[DATA SECTION]

((

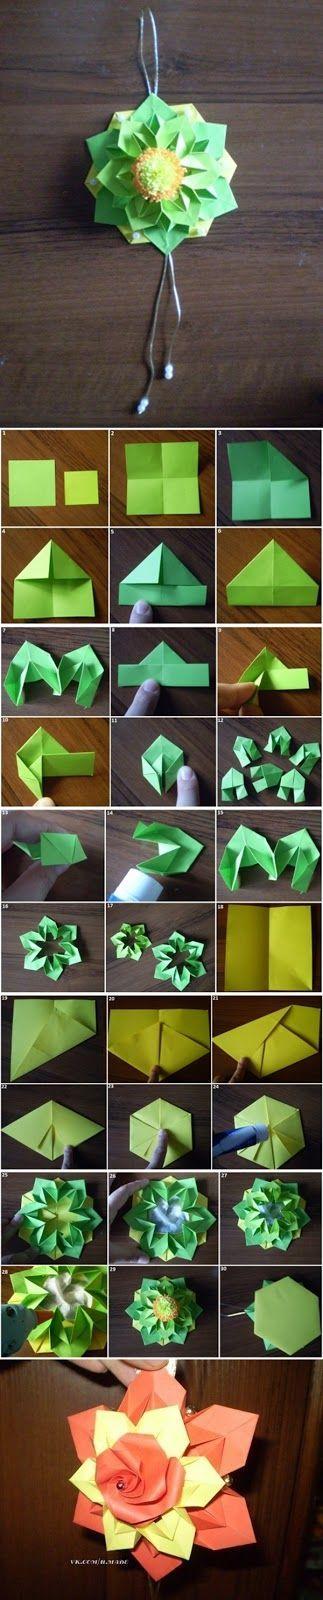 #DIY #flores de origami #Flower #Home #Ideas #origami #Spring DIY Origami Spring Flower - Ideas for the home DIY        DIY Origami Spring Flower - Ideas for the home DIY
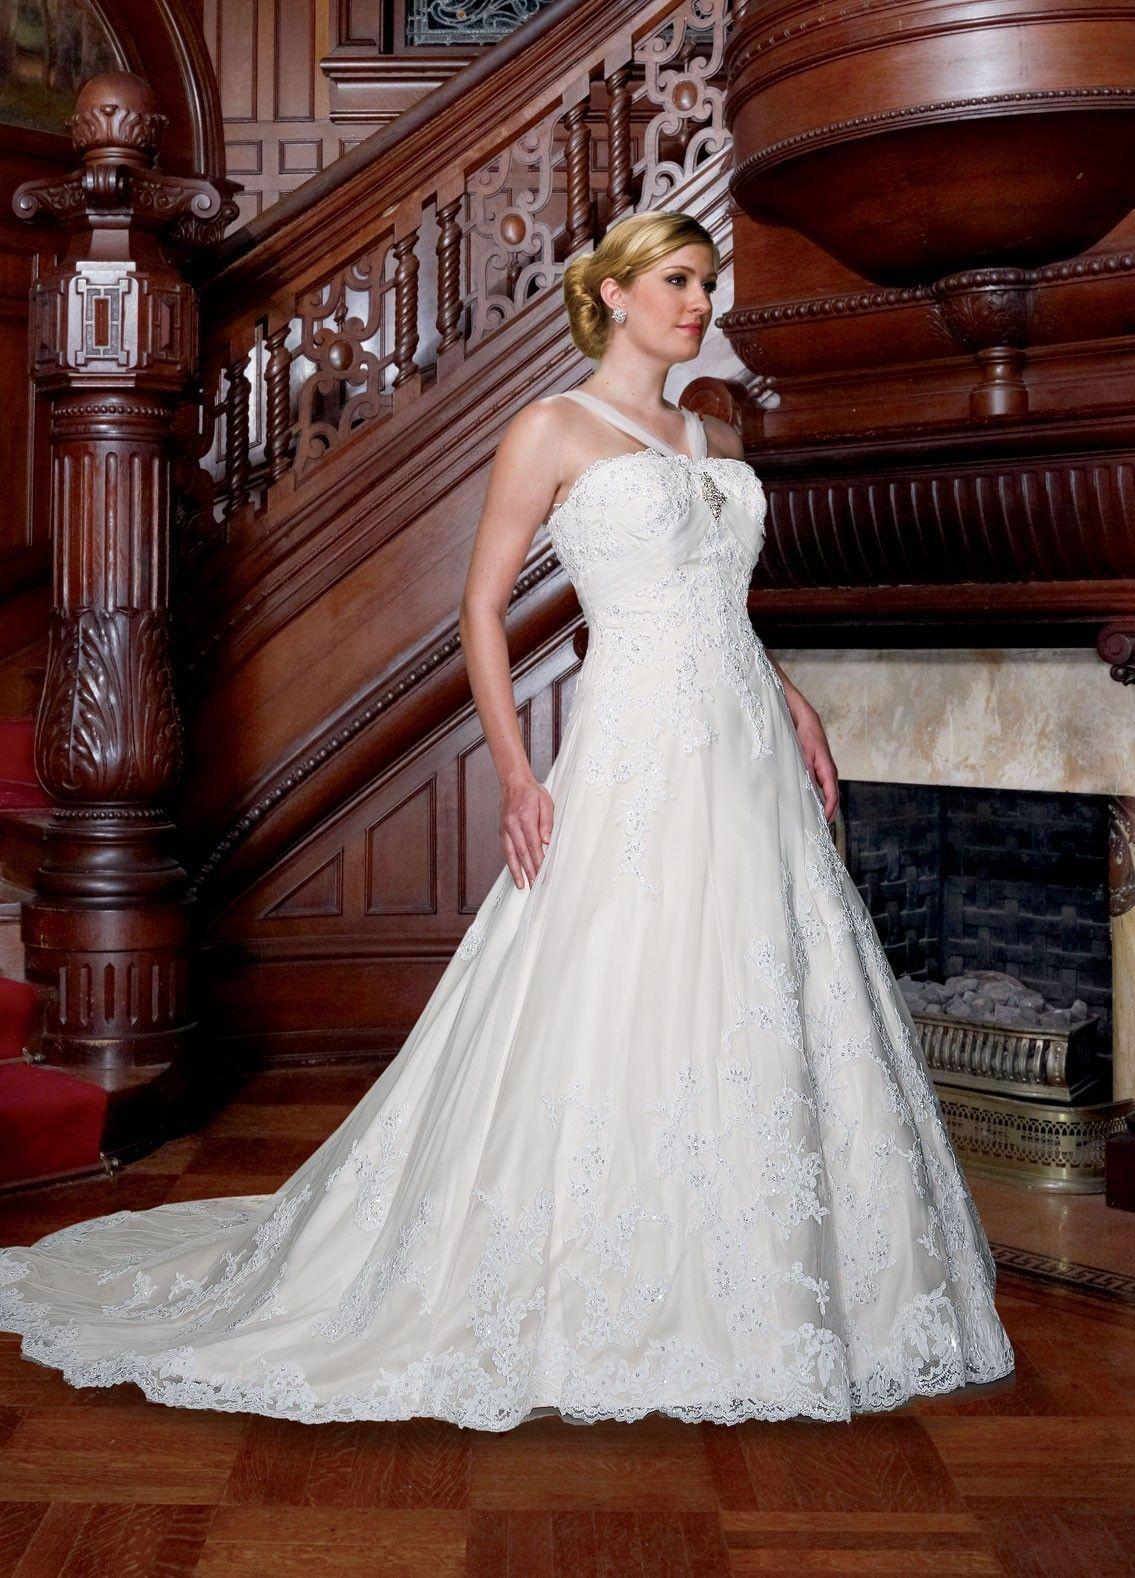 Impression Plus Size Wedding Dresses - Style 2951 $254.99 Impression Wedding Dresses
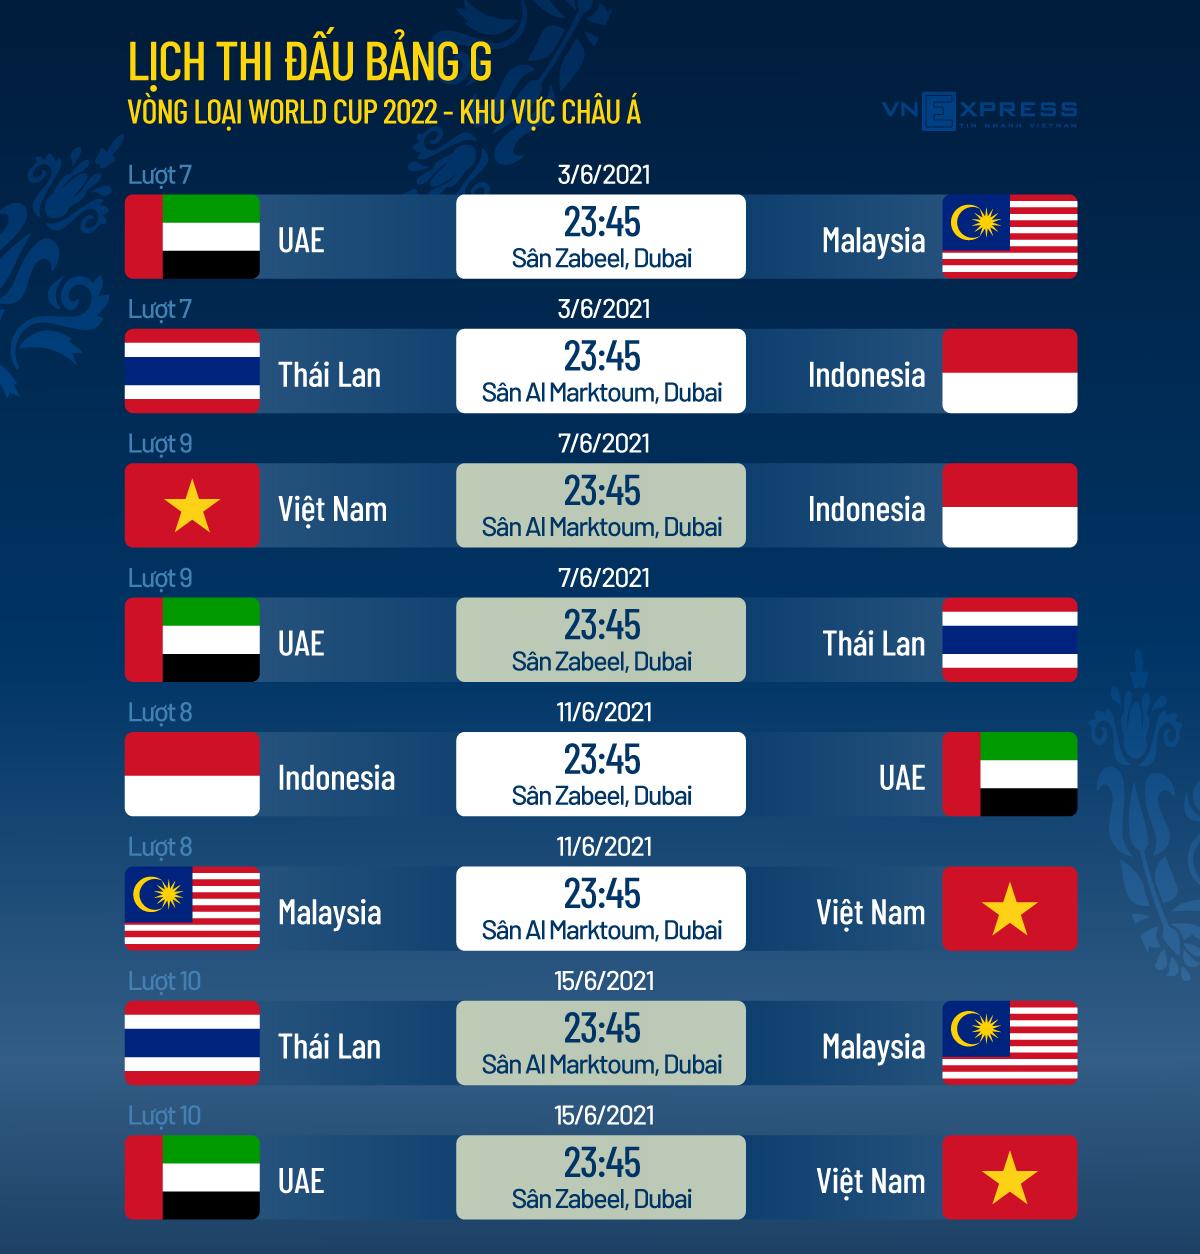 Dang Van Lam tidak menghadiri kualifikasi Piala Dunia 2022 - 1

))

[ACTION ITEM]
Set down all of the data word for word; no pictures belong in it.

[EXERCISE RESULT]
 #DIY #flores de origami #Flower #Home #Ideas #origami #Spring DIY Origami Spring Flower - Ideas for the home DIY        DIY Origami Spring Flower - Ideas for the home DIY
 Impression Plus Size Wedding Dresses - Style 2951 $254.99 Impression Wedding Dresses
 Dang Van Lam tidak menghadiri kualifikasi Piala Dunia 2022 - 1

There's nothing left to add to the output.